— GIVEN INFORMATION —
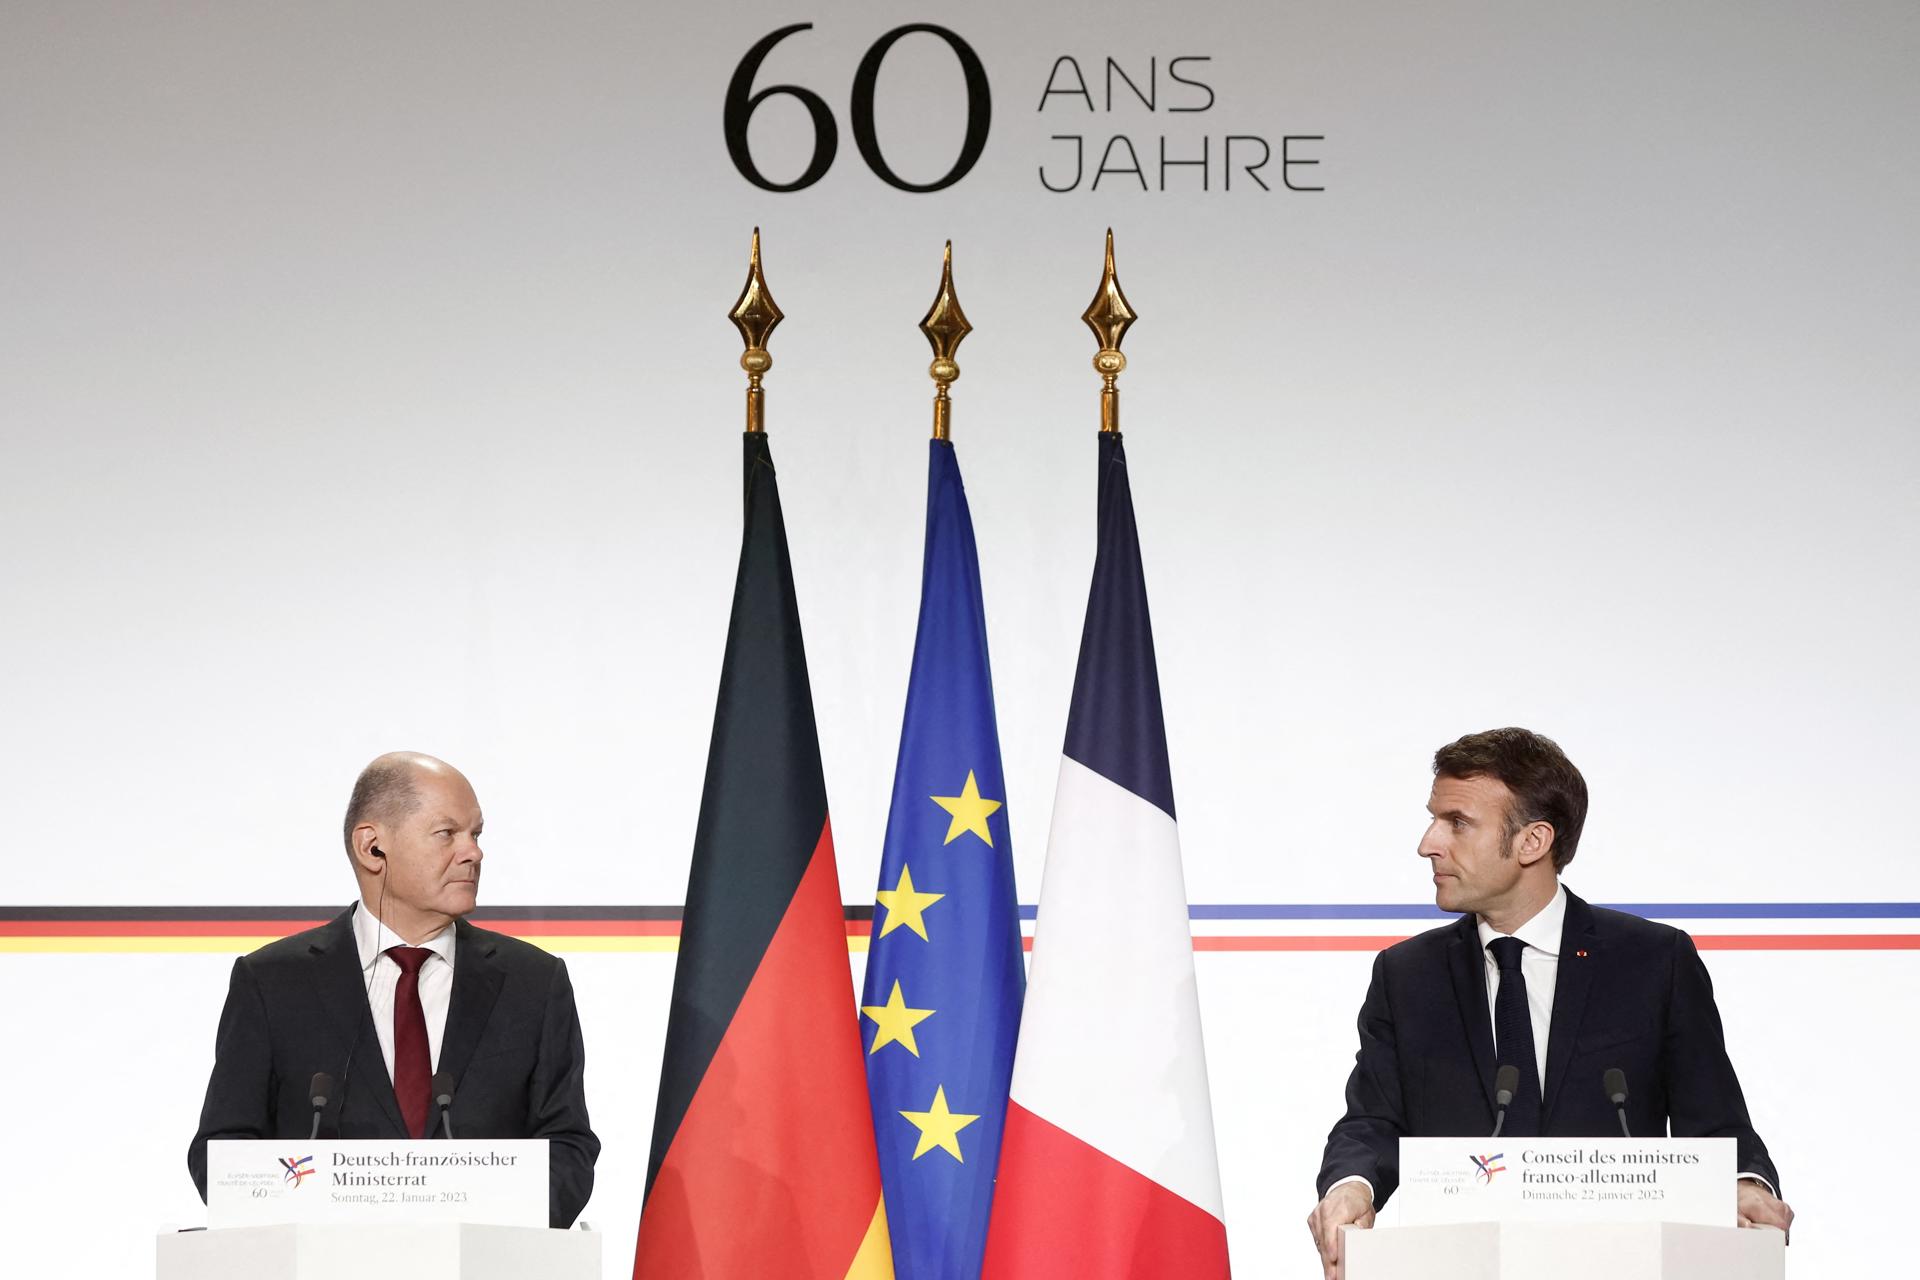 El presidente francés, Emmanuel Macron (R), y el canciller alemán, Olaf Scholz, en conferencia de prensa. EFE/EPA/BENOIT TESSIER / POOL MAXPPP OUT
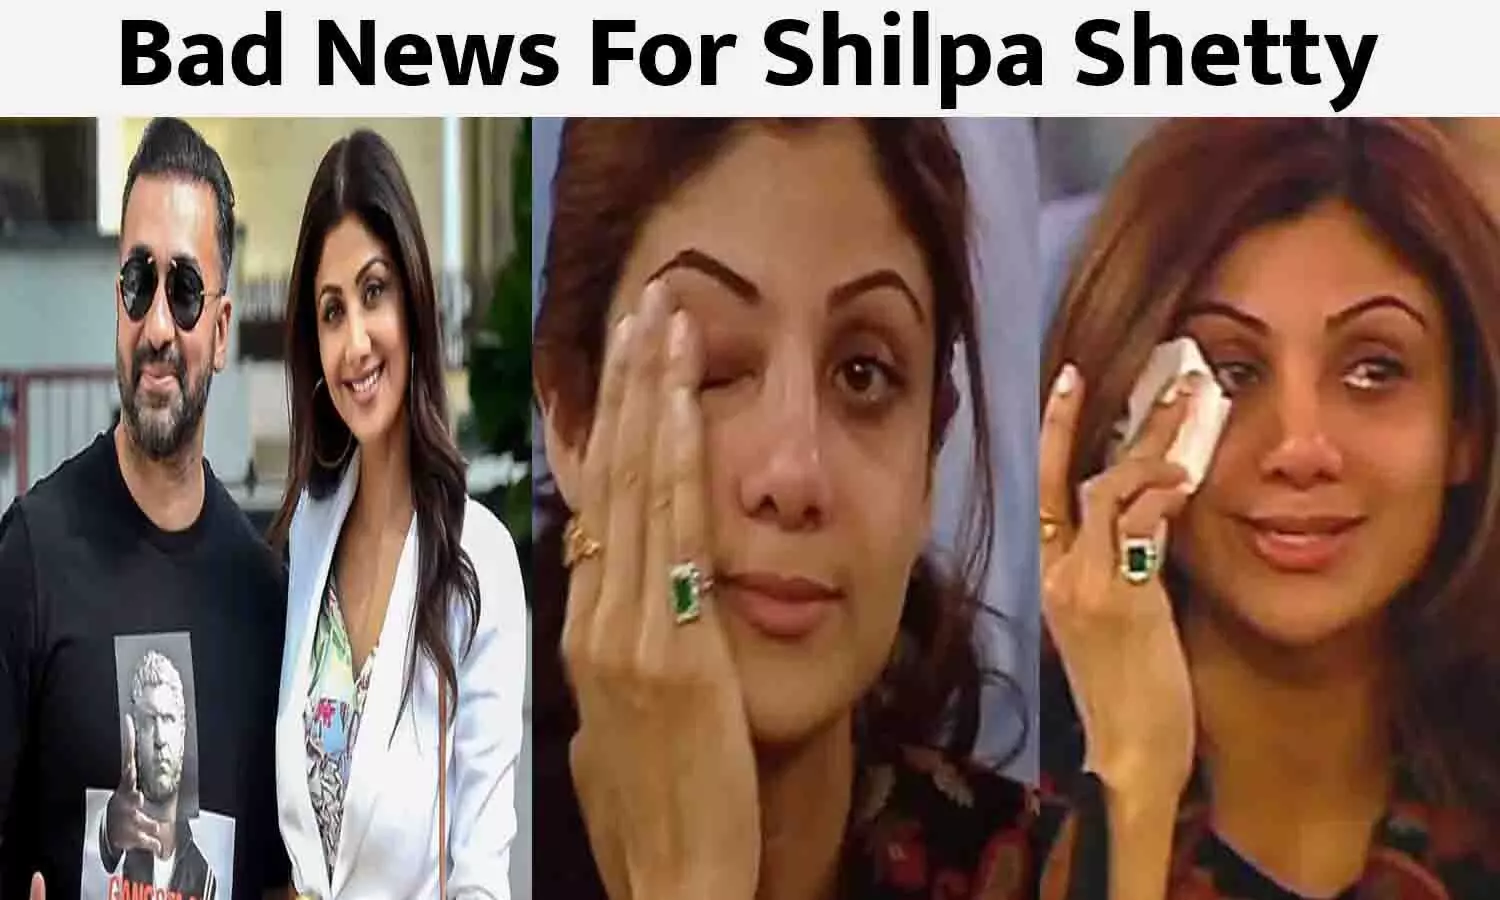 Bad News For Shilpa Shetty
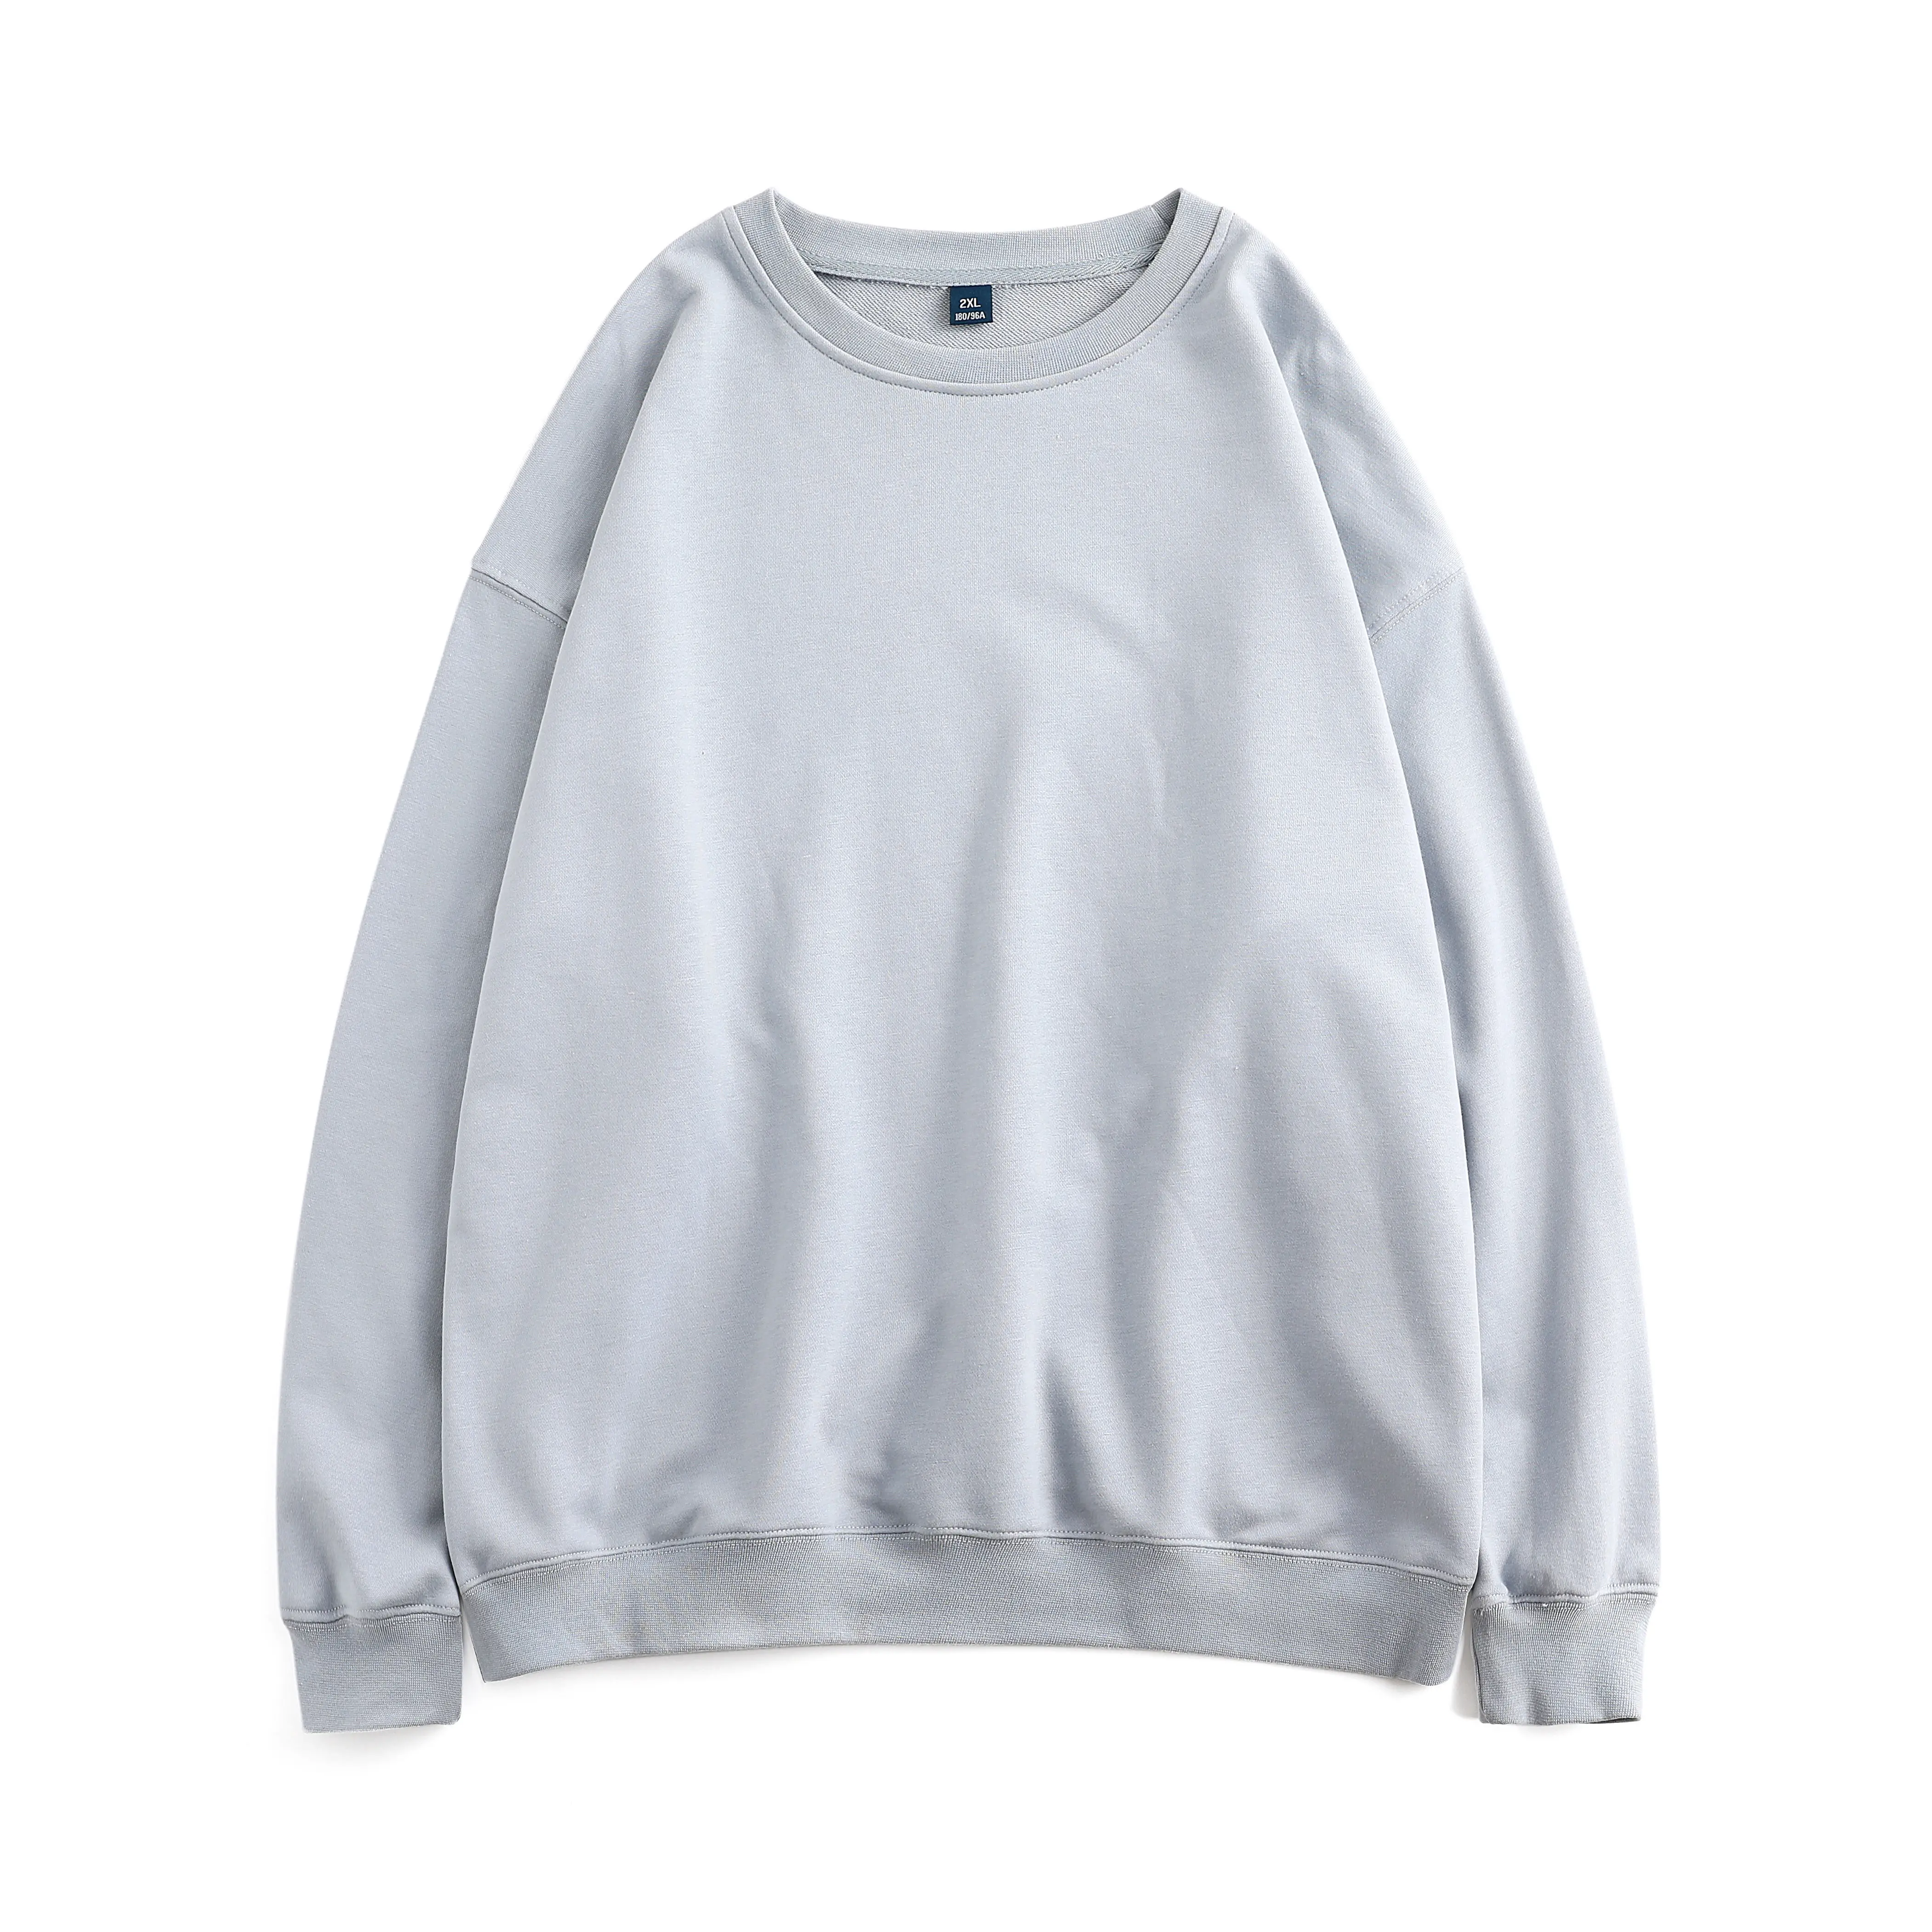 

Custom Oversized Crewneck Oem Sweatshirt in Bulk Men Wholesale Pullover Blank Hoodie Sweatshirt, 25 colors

— ACTIVITY —
What should appear is an exact reproduction of the lines from the one with "Bad News For Shilpa Shetty" through the end of the material above, and no pictures.

— ANSWER BELOW —
 Bad News For Shilpa Shetty

Custom Oversized Crewneck Oem Sweatshirt in Bulk Men Wholesale Pullover Blank Hoodie Sweatshirt, 25 colors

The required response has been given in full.